La desaparición de un joven que participa en una acción colectiva en defensa de los derechos de comunidades indígenas y la idea orgullosa (¿error de expresión?) de un ministro que describe el camino positivo del gobierno por tener cada día un «pibe preso» más, son realidades totalmente vinculadas entre sí.

 

En ambas se advierten prácticas y discursos de índole represiva, excluyente y directamente vinculadas con el recurso estatal a las fuerzas de seguridad: para tratar con jóvenes y para tratar con ciudadanos demandando el respeto de derechos.

 

Nietzsche desde la filosofía, Durkheim desde la sociología, Garland desde la criminología… Los tres (por mencionar solo tres bastante conocidos) han dejado en claro que un Estado que no sabe gobernar, no tiene otro recurso que recurrir a la fuerza. Un «Estado fuerte», entonces, que muestra que sabe imponerse mediante su fuerza física, es la mejor muestra de la debilidad de ese Estado.

 

Michel Foucault decía también que el buen gobernante es el que brinda las condiciones para que su gente pueda vivir bien; el poder soberano, en cambio, no preocupado en su gente, sino en su propio territorio y riquezas (expresión de su poder), solo sabe usar la fuerza arbitraria de la espada para defenderse.
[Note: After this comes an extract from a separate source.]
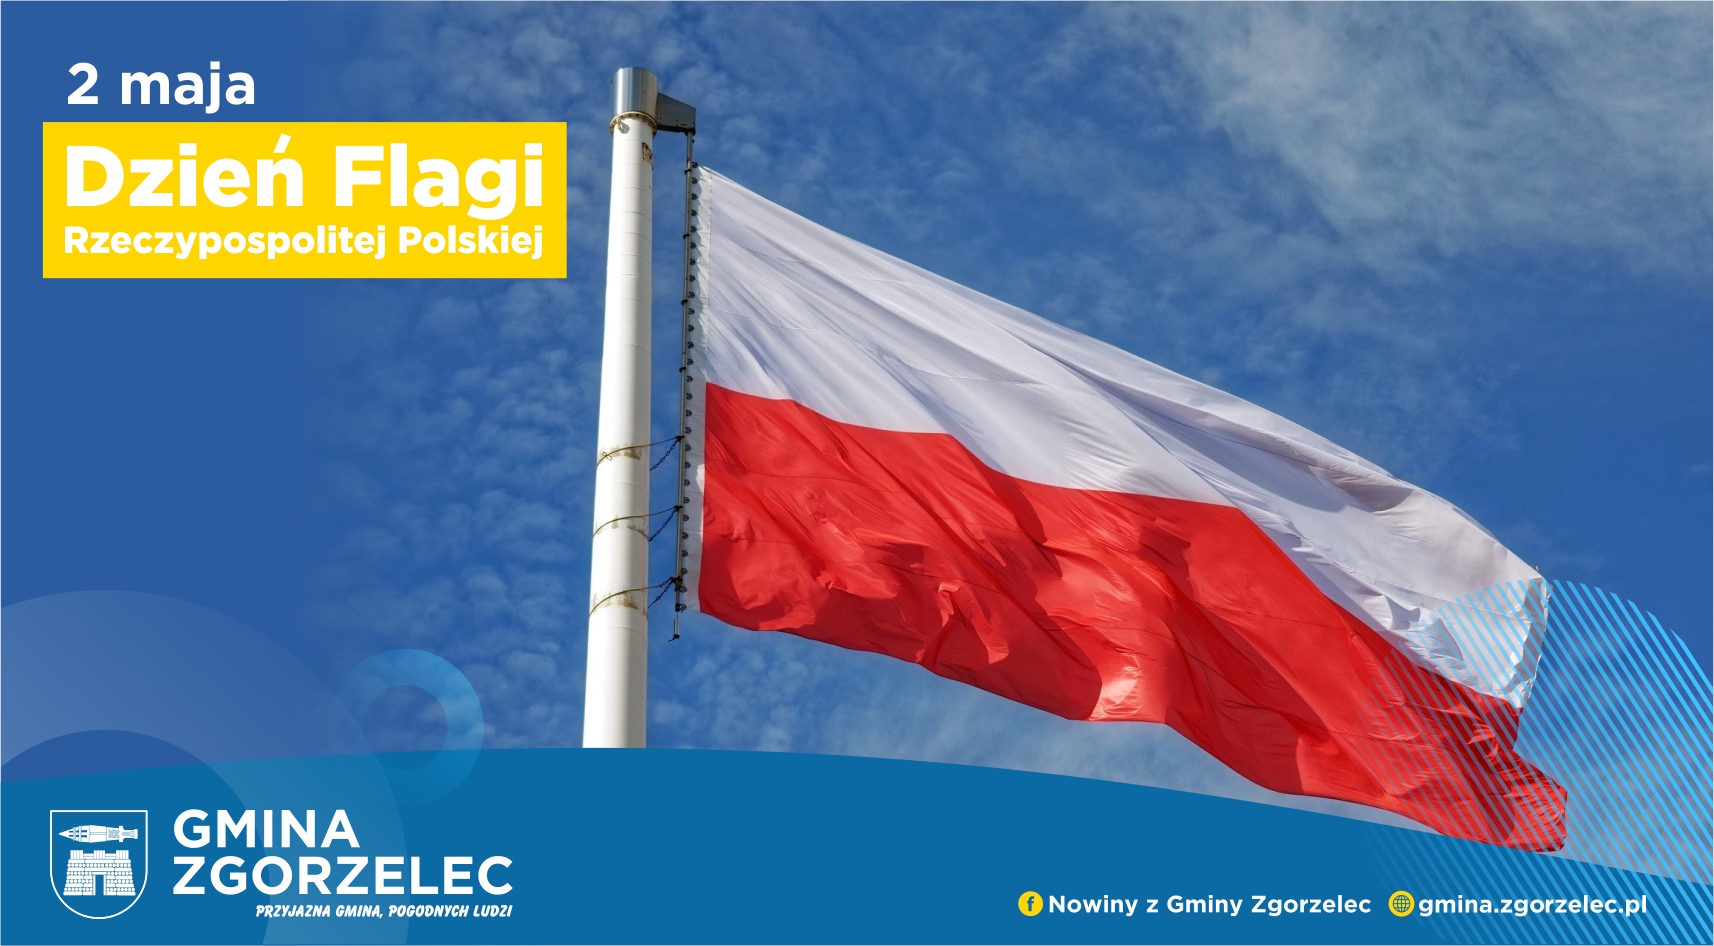 Święto Flagi Rzeczypospolitej Polskiej

El primer gobierno genera condiciones de crecimiento (para los jóvenes, para las comunidades, por ejemplo), el segundo, cobardemente depreda (mediante intereses económicos espúreos propios y asociados) y mata (a aquellos jóvenes, y a quienes defienden a aquellas comunidades, por ejemplo).

 

A falta de políticas públicas que generen esas fértiles condiciones básicas para la mejor vida de la población, de las que hablaba Foucault, explica entonces Baratta que solo la política criminal se pone en juego: sujetos olvidados por las políticas públicas sociales (como la laboral, la educativa, la sanitaria, la alimentaria, la habitacional, etc.), son «recuperados» para el ojo estatal mediante la segunda. No se brindan condiciones para la realización de derechos, es decir, el Estado no cumple con su obligación esencial de brindar condiciones mínimas de buena existencia, y esta carencia queda invisible para muchos; y en cambio, ese mismo Estado criminaliza y encierra las manifestaciones directas de aquellas carencias cuando se convierten en rebelión física mediante conflictos individuales o sociales, visibles para todos.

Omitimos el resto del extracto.